Solved rsh and root

I am posting this here, because I want to use rsh along with rdump and rrestore to migrate from my old FreeBSD 8.0 system to my new FreeBSD 10.1 system across my network. If there's a better way, I'm open to suggestions!

Meanwhile, I've searched quite a bit for this, and haven't found it. On Linux, the magic is apparently to add rsh to /etc/securetty but there's no such thing on FreeBSD. Hopefully, it is not compiled into the code!
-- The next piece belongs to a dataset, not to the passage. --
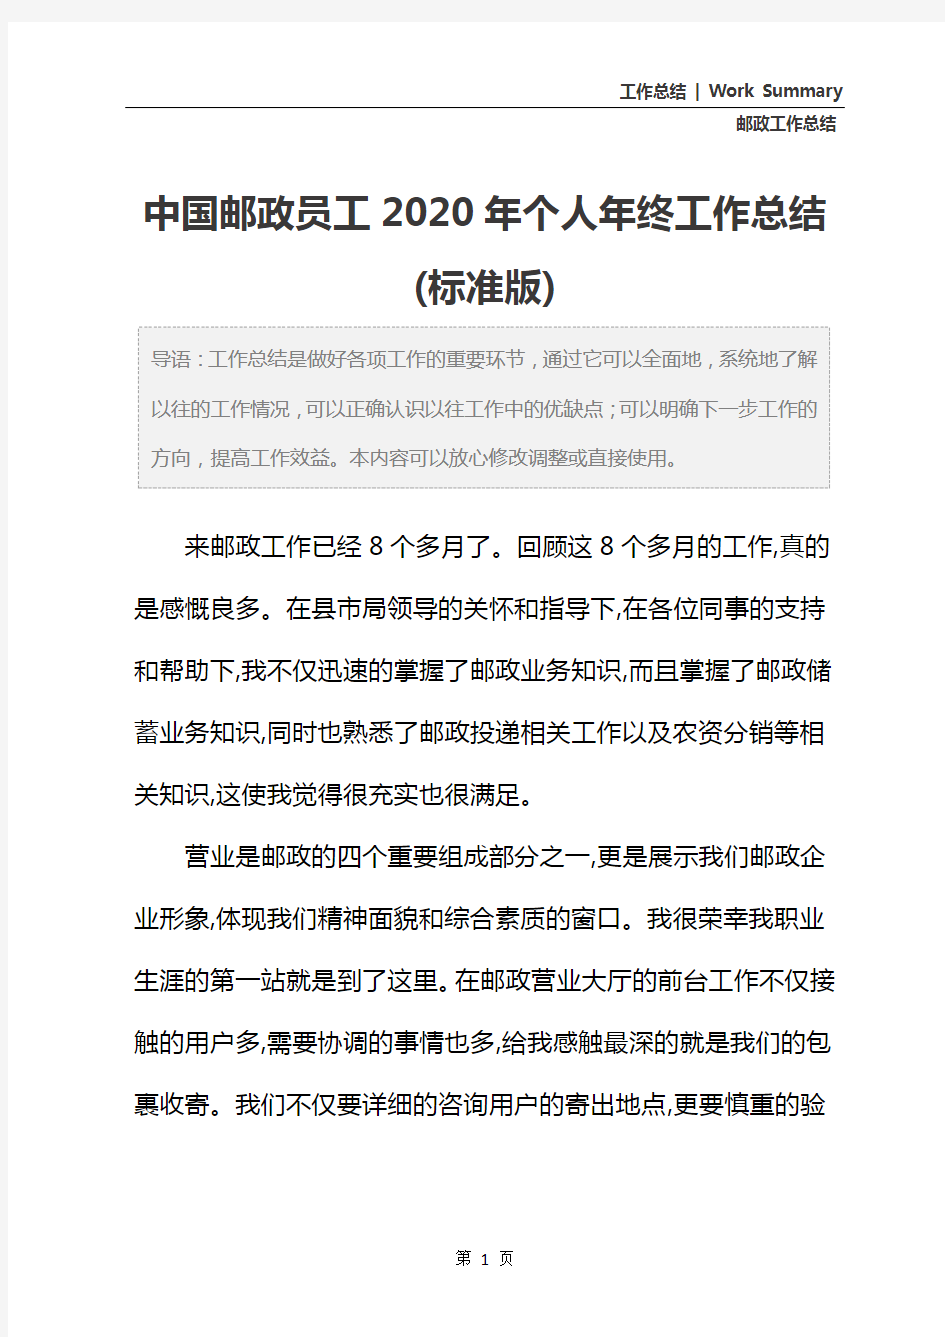 中国邮政员工2020年个人年终工作总结(标准版)

I have gotten it to work with non-root users, but that would only work if I landed the entire rdump file somewhere and changed owner - I want to pipe this directly from rdump on the old server to rrestore on the new server using rsh - I've done this in the past, and it has worked great. Unfortunately, the server where I got that to work, a FreeBSD 4.3 system, is long gone, so I can't even go looking to see what magic I used. Hopefully, it will still work going from 32-bit to 64-bit. I won't know until I can get something simple like
# rsh elwood date
to work. I've got it to the point where
# rsh -l john elwood date
works, but I really need this to work for root or toor without doing unnatural acts like putting SUID on rdump or something. The documentation on hosts.equiv and .rhosts, and rsh/rlogin/rcp doesn't seem to cover this under either 8.0 nor 10.1.
 
Oh, of course, on my next search, I found it! Never mind. The solution is to add allow_root in /etc/pam.d/rsh on the auth line, in case anyone else needs this!
 
Does it still work on FreeBSD versions through 13 and also for rlogin & rexec (and also w/no password?) I don't agree they're deprecated. Similarly how some use NFS (rather than SSHFS) sometimes only something simple is needed.